Tradition is peer pressure from dead people
What do you call someone who speaks three languages? Trilingual. Two languages? Bilingual. One language? American.
Posts: 1,950
Threads: 8
Joined: Jun 2018
Something like this:
lst = ['python-3.4.0-foo.gz',
'python-3.4.1-foo.gz',
'python-3.4.10-foo.gz',
'python-3.4.2-foo.gz',
'python-3.4.3-foo.gz',
'python-3.4.4-foo.gz',
'python-3.4.5-foo.gz',
'python-3.4.6-foo.gz',
'python-3.4.7-foo.gz',
'python-3.4.8-foo.gz',
'python-3.4.9-foo.gz',
'python-3.5.0-foo.gz',
'python-3.5.1-foo.gz',
'python-3.5.2-foo.gz',
'python-3.5.3-foo.gz',
'python-3.5.4-foo.gz',
'python-3.5.5-foo.gz',
'python-3.5.6-foo.gz',
'python-3.5.7-foo.gz']
def by_version(row):
return [int(num) for num in row.split('-')[1].split('.')]
sorted(lst, key=by_version) Output: ['python-3.4.0-foo.gz', 'python-3.4.1-foo.gz', 'python-3.4.2-foo.gz', 'python-3.4.3-foo.gz', 'python-3.4.4-foo.gz', 'python-3.4.5-foo.gz', 'python-3.4.6-foo.gz', 'python-3.4.7-foo.gz', 'python-3.4.8-foo.gz', 'python-3.4.9-foo.gz', 'python-3.4.10-foo.gz', 'python-3.5.0-foo.gz', 'python-3.5.1-foo.gz', 'python-3.5.2-foo.gz', 'python-3.5.3-foo.gz', 'python-3.5.4-foo.gz', 'python-3.5.5-foo.gz', 'python-3.5.6-foo.gz', 'python-3.5.7-foo.gz']

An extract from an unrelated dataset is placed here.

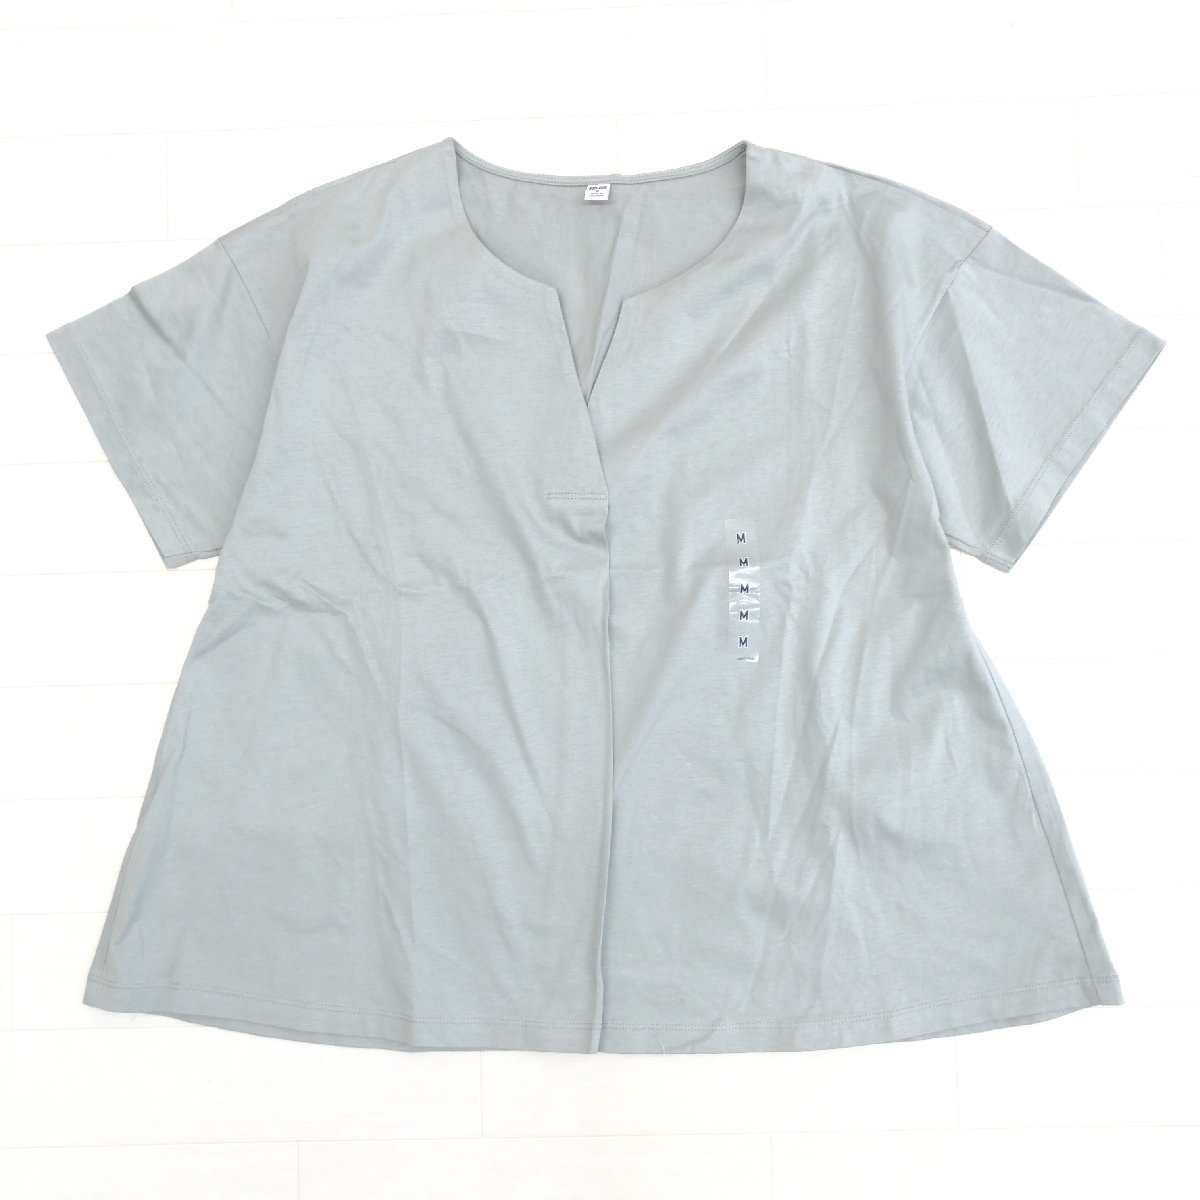 新品 UNIQLO ユニクロ マーセライズ コットン キーネック Tシャツ M グレー 半袖 プルオーバー カットソー 国内正規品 レディース 女性用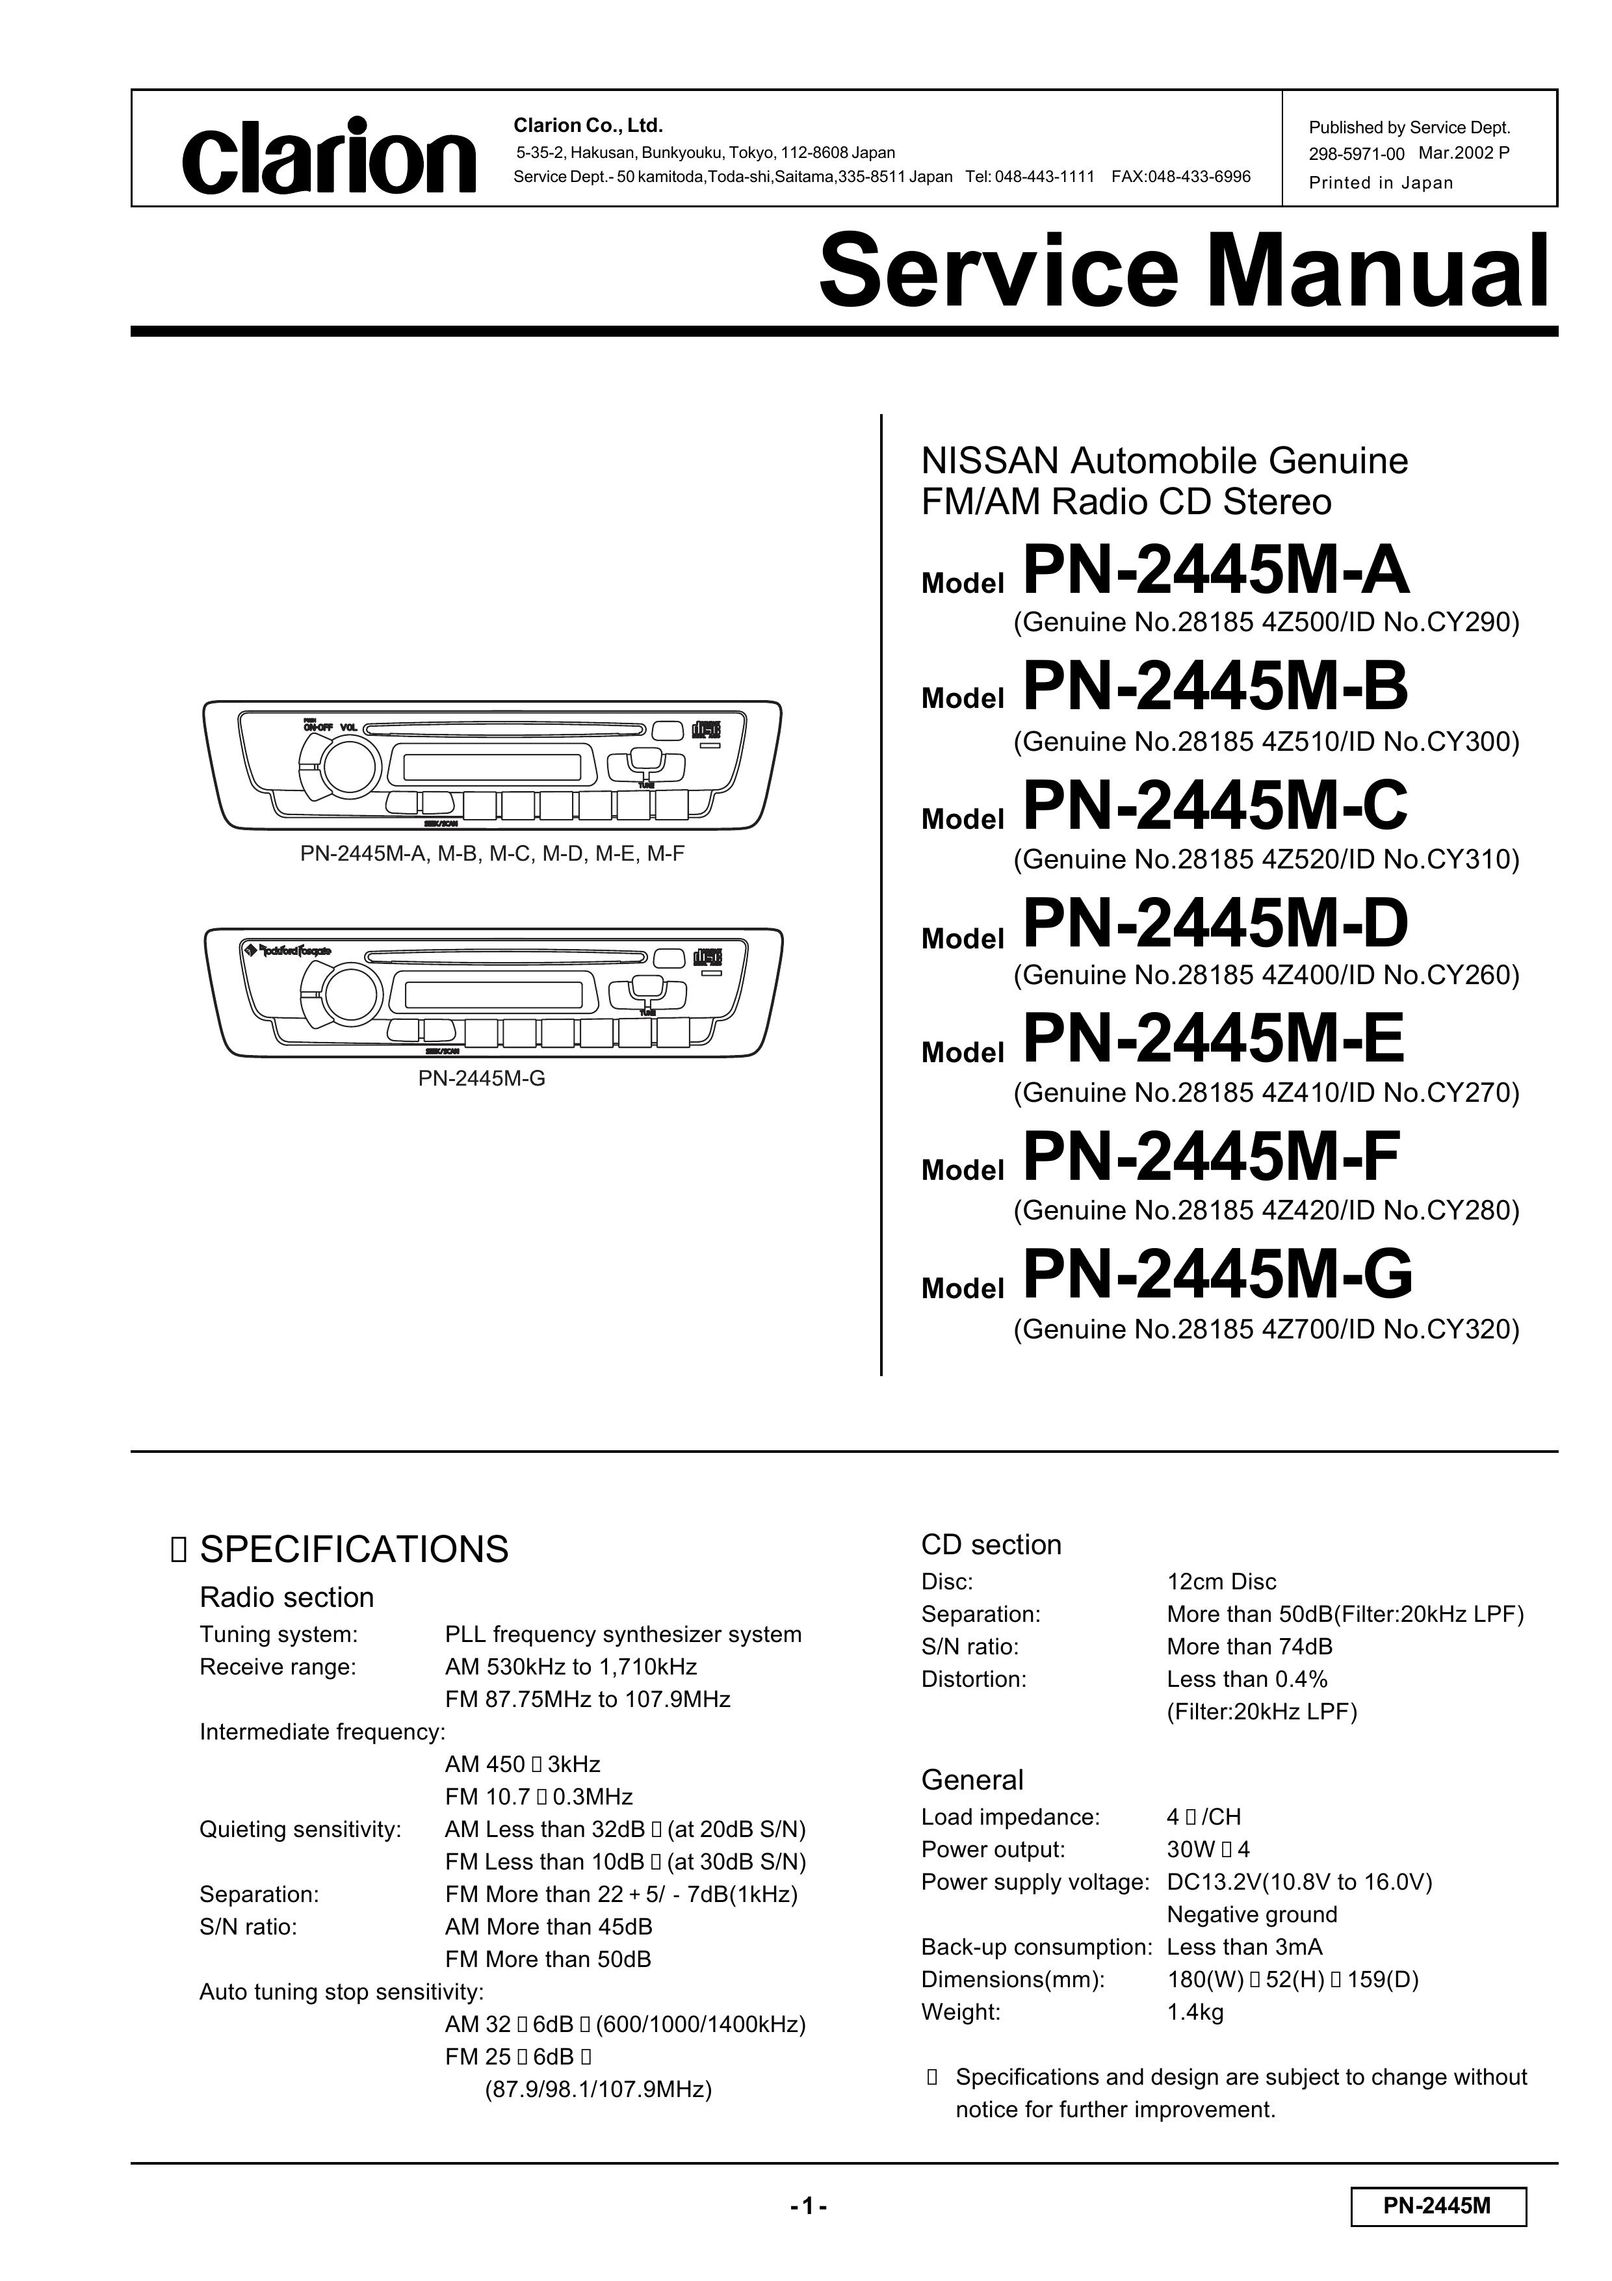 Clarion PN-2445M-F Radio User Manual

I'm not 'in'-sane. Indeed, I am so far 'out' of sane that you appear a tiny blip on the distant coast of sanity. Bucky Katt, Get Fuzzy
Da Bishop: There's a dead bishop on the landing. I don't know who keeps bringing them in here. ....but society is to blame.
Posts: 817
Threads: 1
Joined: Mar 2018
Below is not an universal approach, but it might be useful:
def key(x):
vals = map(int, x.split('.'))
vv = [1000, 50, 1]
return sum(x * y for x, y in zip(vv, vals))
sorted(['3.1.3', '3.1.1', '3.1.9', '3.2.1', '3.1.10'], key=key) Output: ['3.1.1', '3.1.3', '3.1.9', '3.1.10', '3.2.1']
Posts: 4,655
Threads: 1,498
Joined: Sep 2016
i'm trying these and others but running into problems because it some cases i am trying to sort there are other character values bordering the digits. so to use perfringo's code, i'd need a more magical split().
Tradition is peer pressure from dead people
What do you call someone who speaks three languages? Trilingual. Two languages? Bilingual. One language? American.
Posts: 1,950
Threads: 8
Joined: Jun 2018
(Jul-10-2019, 05:02 AM)Skaperen Wrote: i'm trying these and others but running into problems because it some cases i am trying to sort there are other character values bordering the digits. so to use perfringo's code, i'd need a more magical split().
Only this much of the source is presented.